# avatar



## Fieryfilly (Nov 12, 2012)

how do I put an avatar on my profile?


----------



## MRSTRONG (Apr 18, 2009)

press settings , left hand side my settings - edit avatar .


----------



## Fieryfilly (Nov 12, 2012)

thanks Ewen , done it :bounce:


----------



## Milky (Nov 30, 2008)

Fieryfilly said:


> thanks Ewen , done it :bounce:


Well done !!!!

Anyhting else we can help with ?

:lol:


----------



## RascaL18 (Nov 13, 2008)

Milky said:


> Well done !!!!
> 
> Anyhting else we can help with ?
> 
> :lol:


any good at tying a knot in my gym pants? my ass always falls out:nono:


----------



## Goosh (Jun 24, 2012)

Had a search on the forum and decided to boost on this thread as its the only one close to my questions...

I've added an avatar and it's there on my Edit Profile page, but I can't see it when I post?

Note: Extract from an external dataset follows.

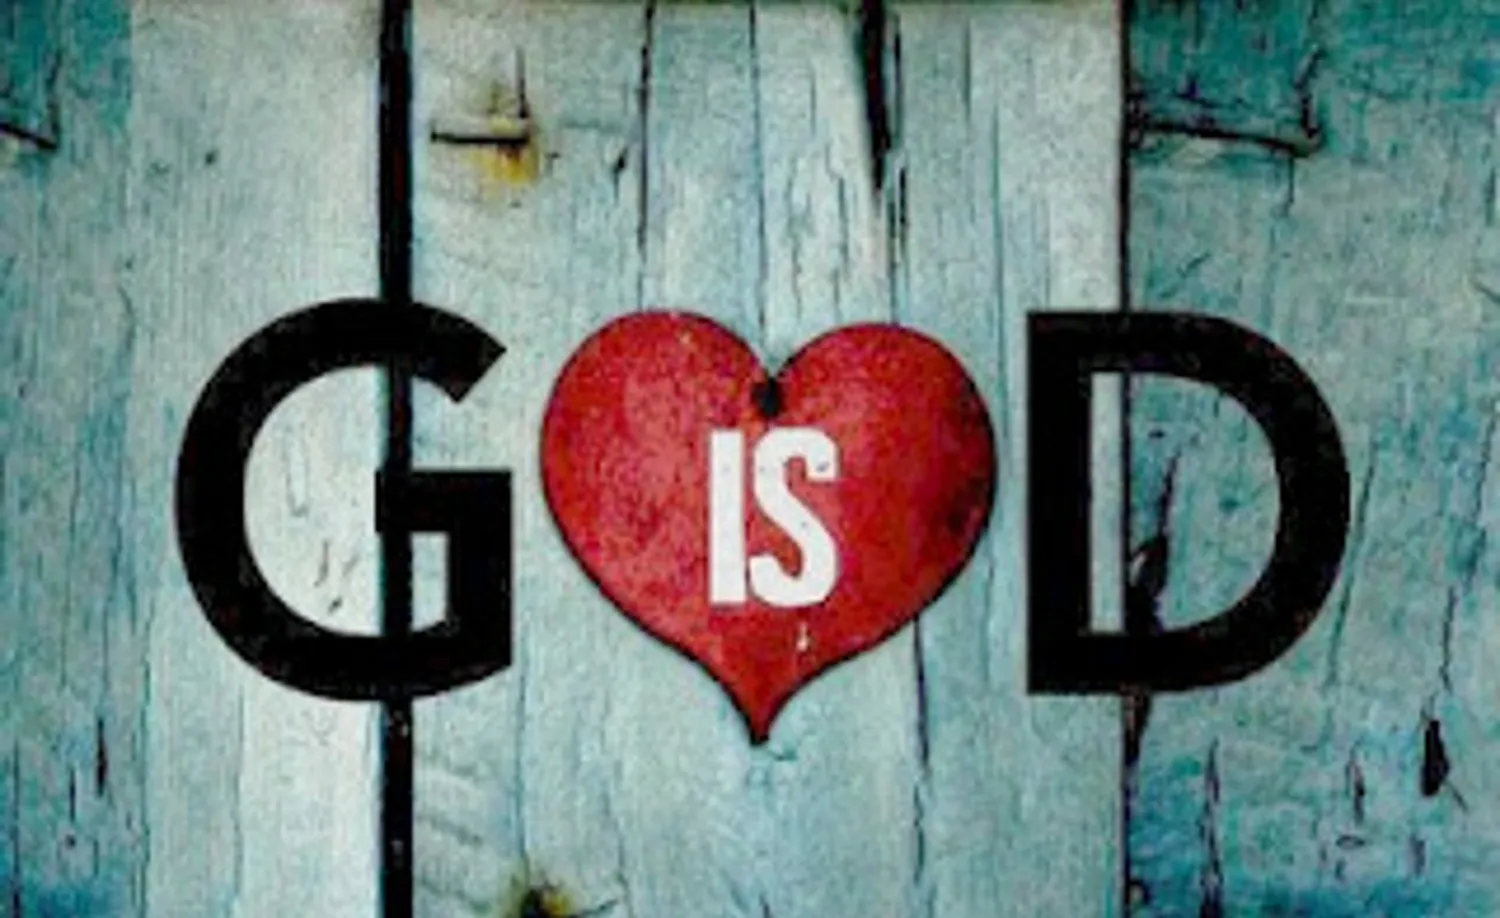 what’s god’s love

Does it hide it from me and only show it to other people (unlucky bar stewards)?


----------



## justin case (Jul 31, 2012)

no nothings showing


----------



## Goosh (Jun 24, 2012)

justin case said:


> no nothings showing


Cheers mate, I'll re-upload and see it if sorts itself out.


----------



## Goosh (Jun 24, 2012)

Figured it. I had used Edit Profile Picture and not Edit Avatar.

Silly me. Cheers all.


----------



## justin case (Jul 31, 2012)

yep all good now, oh and cheers for the rep.


----------